Thanks a lot for the wonderful feedback! We appreciate it. 👍👍

You are absolutely right. Using thicker gauge wires helps with ohmic losses, but thicker guage power cables are always a pain to work with.

Thanks a lot! I appreciate the wonderful feedback.👍👍👍 The Innovati0n Lab💥

Thanks a lot for watching our videos and for the wonderful feedback. We greatly appreciate it. However, to your question, this converter has a wide range of applications that you can use them for. It depends on the power needs of your design. May I know what you are using the converter for?

Thanks a lot for such wonderful feedback! 👍👍 Yes, I use PLA to print the card mounts. You are right to have those concerns, and that also tells me that you are analyzing everything - I like that! 👍 A couple things to consider; The thermal interface/coupling between the card stand and the heatsink is really minimal, and the heat transfer should not be that significant - given that PLA is a poor thermal conductor. Secondly, the melting point of the PLA that I use is around 215 Deg. Celsius, so, if the heatsink gets this hot, the converter should already be dead...lol. My point is that the heatsink should never get hot enough to be able to melt the PLA. The key is to always make sure that the fan is running....and to add more external fans if need be. Wonderful question! We need more analytical minds like you in here. Please share our videos with your project groups/friends. Success wishes on your projects, friend! 👍😎

Hi friend! I am glad you found this video useful 👍😎. You are right about the built-in hysteresis in the UVP control loop. This is not something I have not tried to measure. Also, there could be some slow response because the voltage sense inputs to the comparator could be slightly more capacitive (all assumptions....I honestly don't know). I guess the best thing to do might be to shoot for narrow voltage window/range instead of targeting a precise voltage for your UVP setpoint. I hope this helps. 👍😎 The Innovati0n Lab

Great observation, friend! However, I honestly didn't see the need for precision with the UVP set point. For something like that, I would usually give myself some good safety headroom. For example, if the critical UVP is 20.0V, I will set the converter UVP 20.5V of if 21V - depending on the amount of flexibility I have with my design.

Thanks a lot for watching our videos and for all your support.👍👍 I need the cleanup design and then figure out the best way to share the 3D model files. Also, I am working on setting up an online store where you can buy such printed jigs for DIY project testing. Stay tuned, my friend.

Thanks a lot for all your support and inspiration!👍👍 I will be able to sell such items in the near future. Stay tuned, my friend. Thanks again for all the amazing support.

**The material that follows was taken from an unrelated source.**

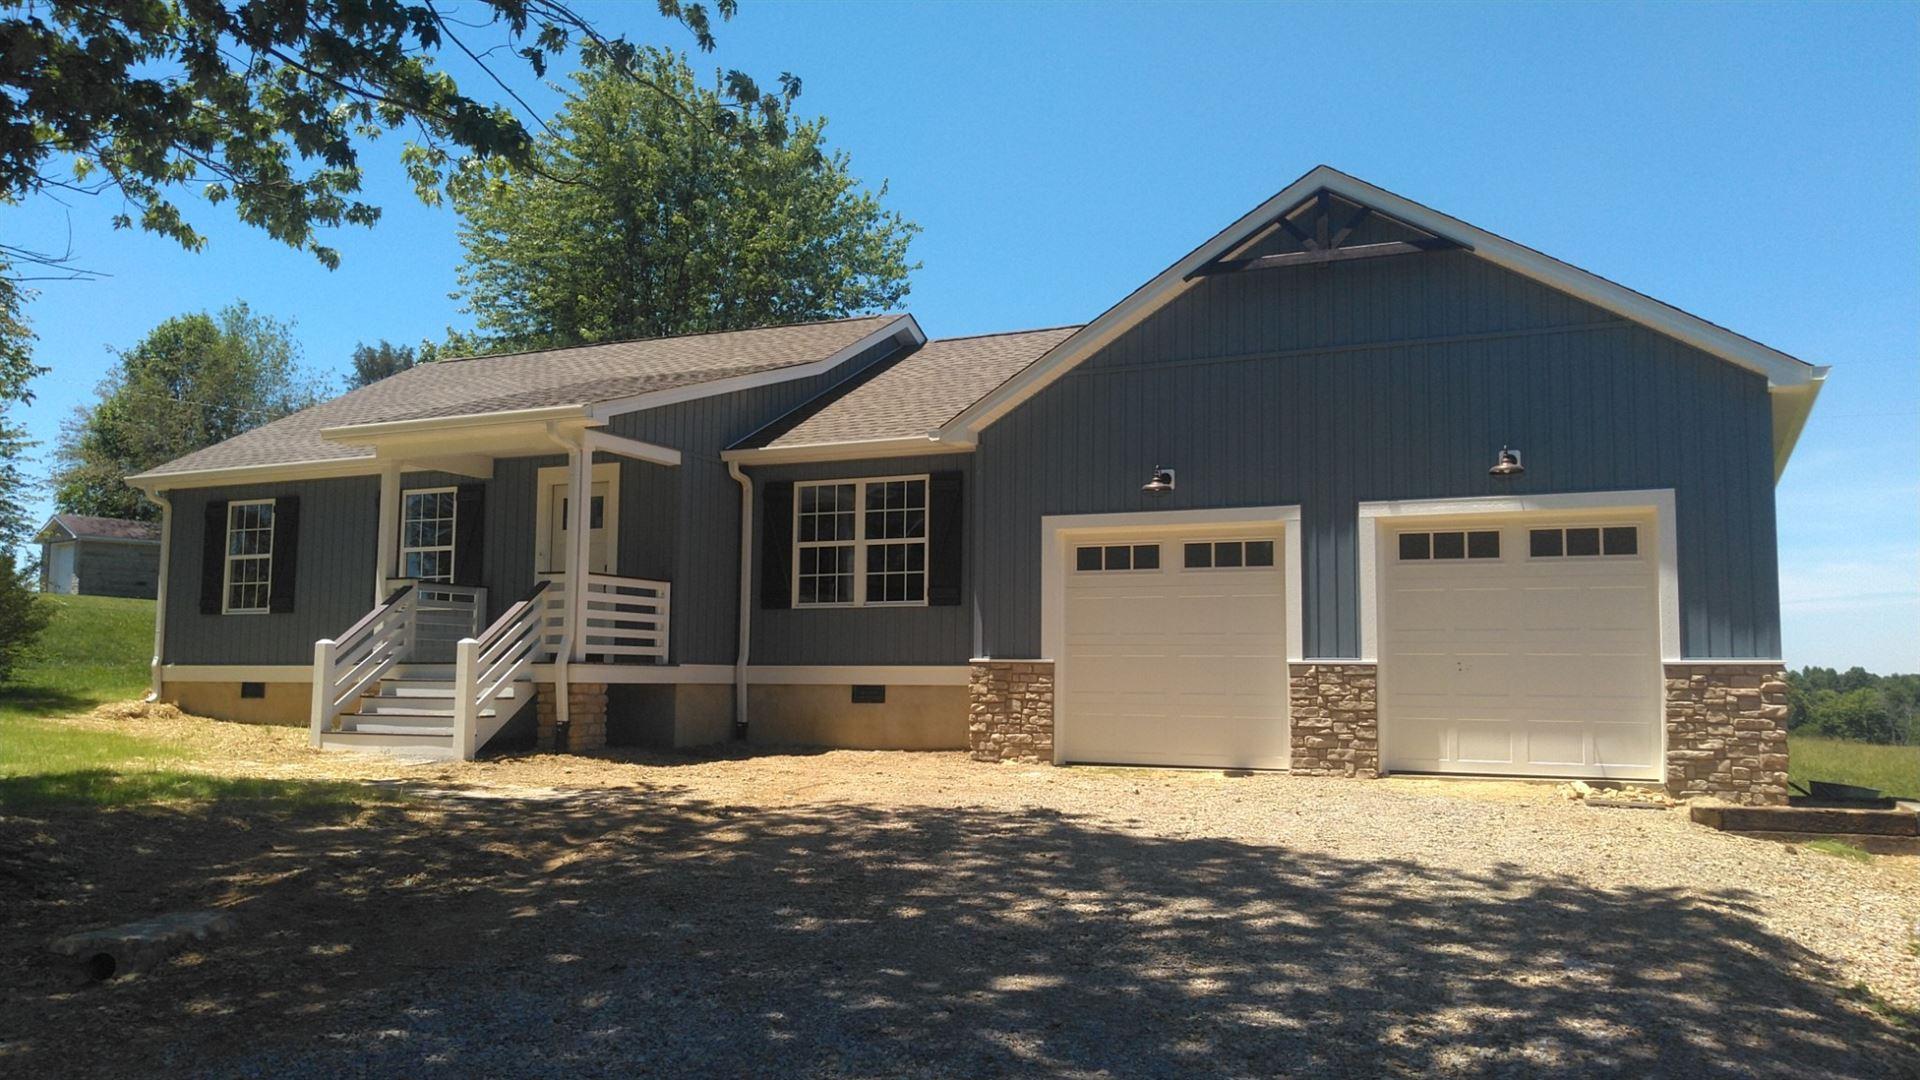 77 Poplar Grove Rd, Westmoreland, TN 37186 - MLS#: 2256571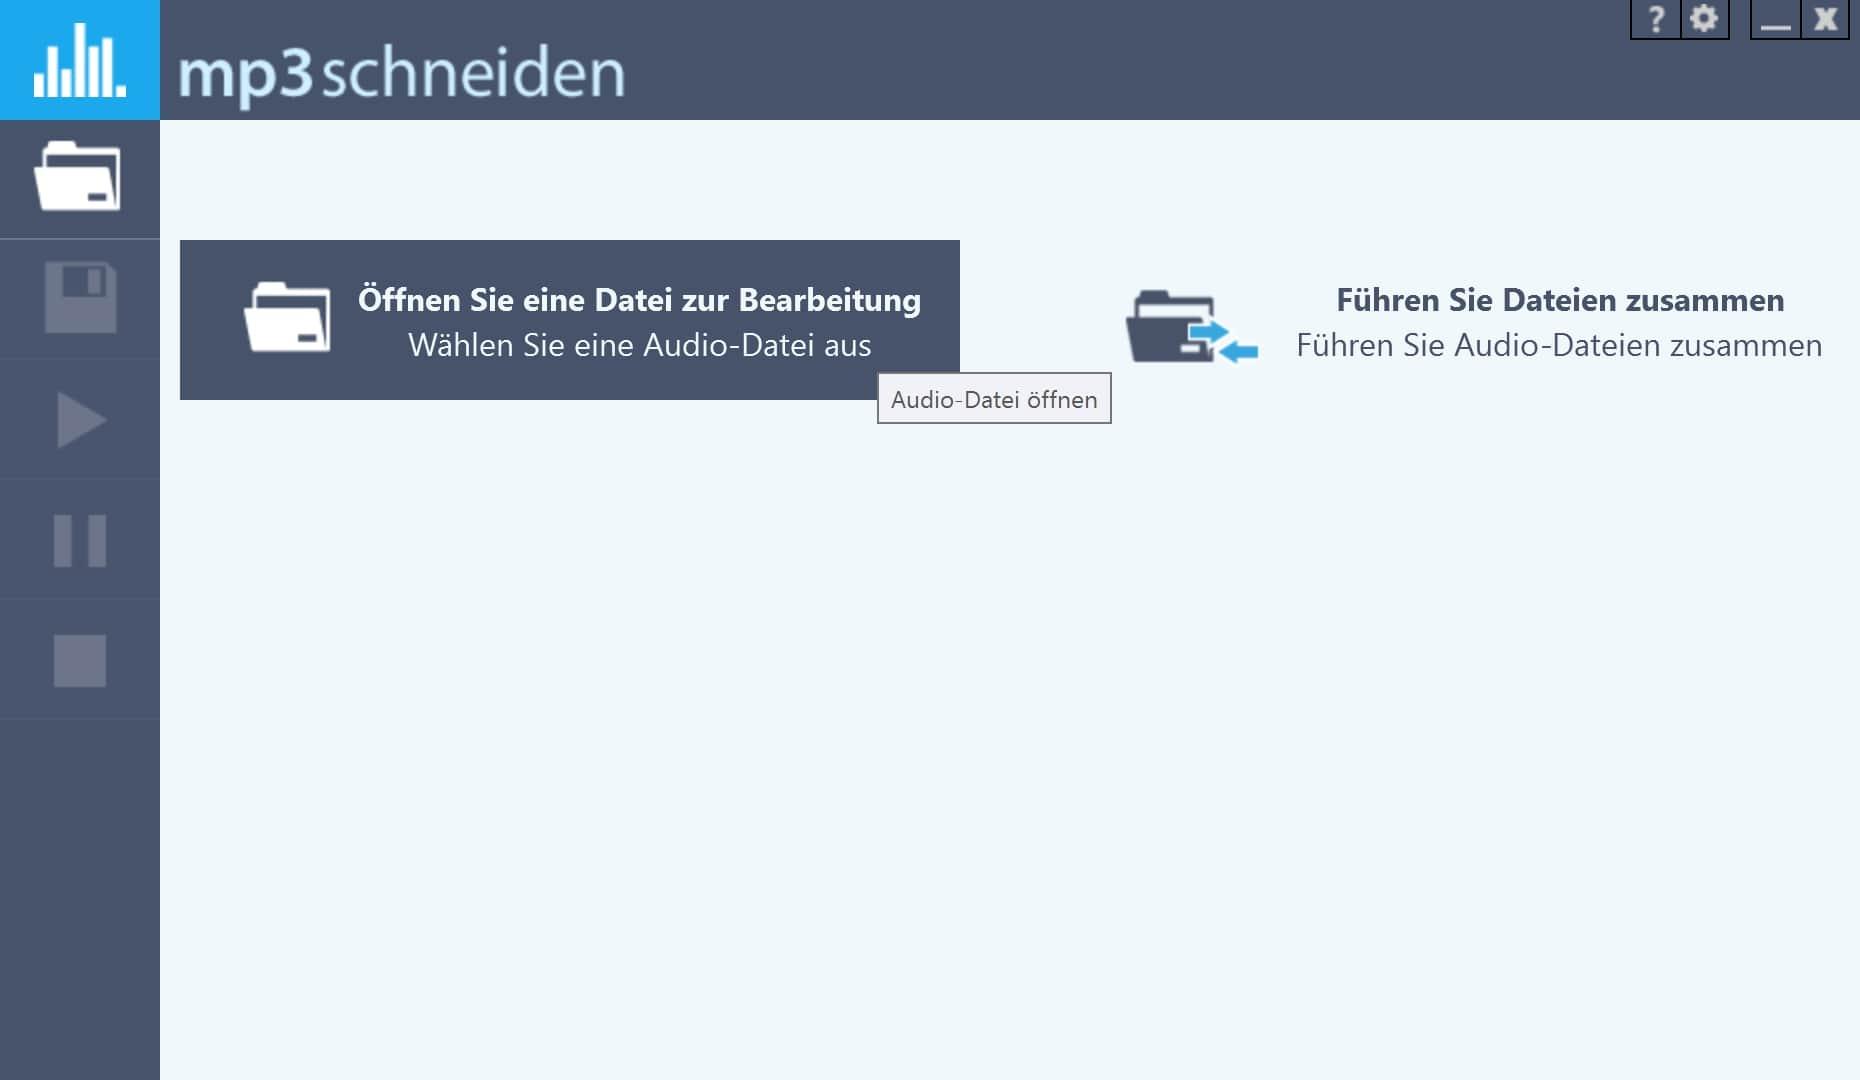 MP3 kürzen - MP3 Datei öffnen

@@theinnovati0nlab782 thanks, I look forward to this ! I have a ebike that I experiment with, so the “holder” that you made, appears a lot more mount worthy than those standard metal posts 😁

Thanks for watching the video and for the wonderful feedback. 👍👍👍 Yes, there is about a 30A output current limit. At 12V, you should plan for about a delivered power on 300W give or take. I hope this helps. 👍😎 The Innovati0n Lab.

Hahaha! Thanks for the wonderful feedback. I am glad that you are finding our content informative. It sounds like you will need a buck converter. Since your output voltage need is quite low, I imagine that you probably have an input power source that is greater that 12VDC? If that is the case, you can check out these Amazon Buck converters. They are rated for a maximum output current of 30A. See the link below. 👇👇👇 ACEIRMC 3pcs 20A 300W CC CV Step Down Module Adjustable DC 6-40V to 1.2-36V Voltage Regulator Buck Converter Constant Current Power Supply Module a.co/d/ecBoSnh

@@theinnovati0nlab782 I'll adjust the input voltage to what I need to get the output 5V ~8-12A ?

@marox3G You can only adjust the output voltage. The converters will take any input voltage within the manufacturer specified range and regulate it to the voltage you set it to. I have made some buck converter videos, and they should explain some of these concepts to you. See below. 👇👇👇 This is the perfect example for what you are looking to do. kzbin.info/www/bejne/jZLFlmica9iIndE

Hi friend, Thanks a lot for the wonderful observation and great feedback. I do appreciate the interaction. 👍👍👍 You are absolutely correct about the effect of I2R losses due to cable resistivity and wire ampacity. However, this should really be minimal in my setup, given that I used 10AWG cables and wire runs are fairly short. Also, as I explained in the video, these boost converters have an input current limit of 30-40A, and the losses on the cables as a result of heat dissipation should be very small.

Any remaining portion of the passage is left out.